Infection vulnerability stratification risk modelling of COVID-19 data: a deterministic SEIR epidemic model analysis.

作者信息

Kumar Ajay, Choi Tsan-Ming, Wamba Samuel Fosso, Gupta Shivam, Tan Kim Hua

机构信息

AIM Research Center on Artificial Intelligence in Value Creation, EMLYON Business School, Paris, France.

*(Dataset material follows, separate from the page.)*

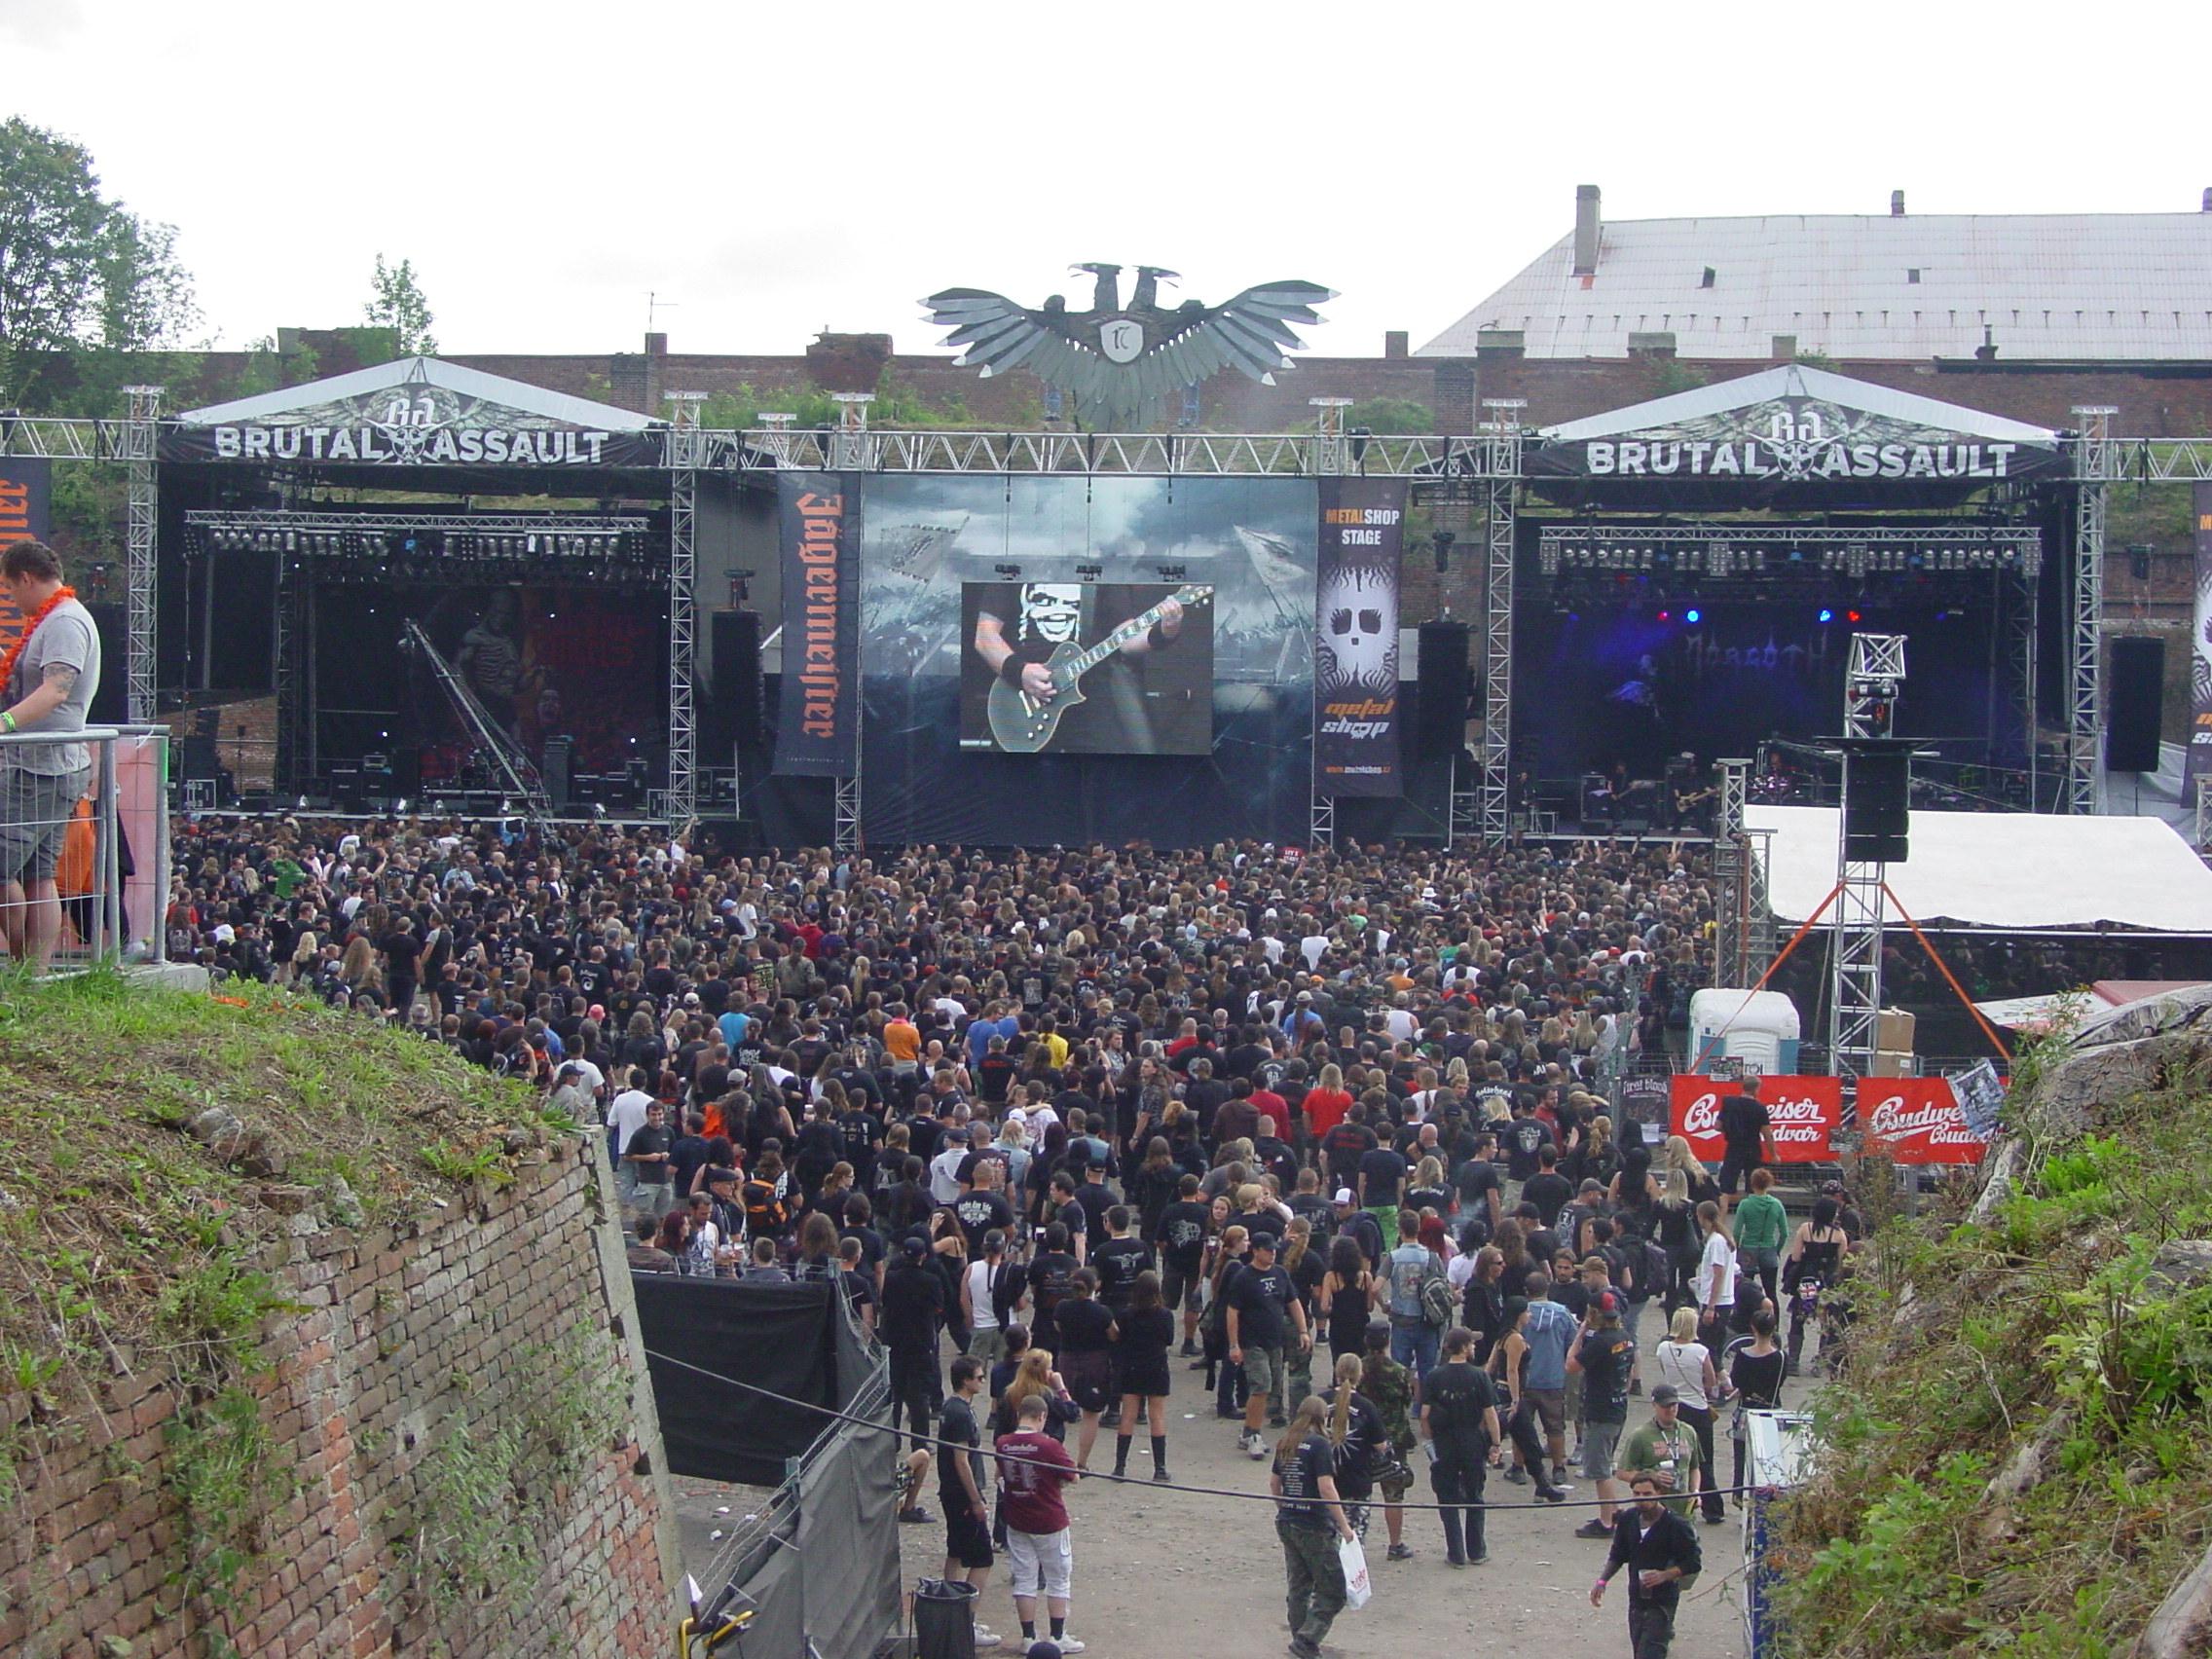 Brutal Assault 2012 main stages

Department and Graduate Institute of Business Administration, College of Management, National Taiwan University, Roosevelt Road, Taipei, 10617 Taiwan.

出版信息

Ann Oper Res. 2021 Jun 4:1-27. doi: 10.1007/s10479-021-04091-3.

Abstract

Basic Susceptible-Exposed-Infectious-Removed (SEIR) models of COVID-19 dynamics tend to be excessively pessimistic due to high basic reproduction values, which result in overestimations of cases of infection and death. We propose an extended SEIR model and daily data of COVID-19 cases in the U.S. and the seven largest European countries to forecast possible pandemic dynamics by investigating the effects of infection vulnerability stratification and measures on preventing the spread of infection. We assume that (i) the number of cases would be underestimated at the beginning of a new virus pandemic due to the lack of effective diagnostic methods and (ii) people more susceptible to infection are more likely to become infected; whereas during the later stages, the chances of infection among others will be reduced, thereby potentially leading to pandemic cessation. Based on infection vulnerability stratification, we demonstrate effects brought by the fraction of infected persons in the population at the start of pandemic deceleration on the cumulative fraction of the infected population. We interestingly show that moderate and long-lasting preventive measures are more effective than more rigid measures, which tend to be eventually loosened or abandoned due to economic losses, delay the peak of infection and fail to reduce the total number of cases. Our calculations relate the pandemic's second wave to high seasonal fluctuations and a low vulnerability stratification coefficient. Our characterisation of basic reproduction dynamics indicates that second wave of the pandemic is likely to first occur in Germany, Spain, France, and Italy, and a second wave is also possible in the U.K. and the U.S. Our findings show that even if the total elimination of the virus is impossible, the total number of infected people can be reduced during the deceleration stage.

摘要

由于基本再生数较高,新冠疫情动态的基本易感-暴露-感染-移除(SEIR)模型往往过于悲观,这导致对感染和死亡病例的高估。我们提出了一个扩展的SEIR模型,并利用美国和七个欧洲大国的新冠病例每日数据,通过研究感染易感性分层和预防感染传播措施的影响,来预测可能的疫情动态。我们假设:(i)在新病毒大流行开始时,由于缺乏有效的诊断方法,病例数会被低估;(ii)更容易感染的人更有可能被感染;而在后期,其他人的感染几率会降低,从而有可能导致疫情停止。基于感染易感性分层,我们展示了在疫情减速开始时人群中感染人群比例对累积感染人群比例的影响。我们有趣地发现,适度且持久的预防措施比更为严格的措施更有效,后者往往因经济损失最终会被放松或放弃,会推迟感染高峰且无法减少病例总数。我们的计算将疫情的第二波与高季节性波动和低易感性分层系数联系起来。我们对基本再生动态的描述表明,疫情的第二波可能首先出现在德国、西班牙、法国和意大利,英国和美国也有可能出现第二波。我们的研究结果表明,即使不可能完全消除病毒,在减速阶段也可以减少感染人数。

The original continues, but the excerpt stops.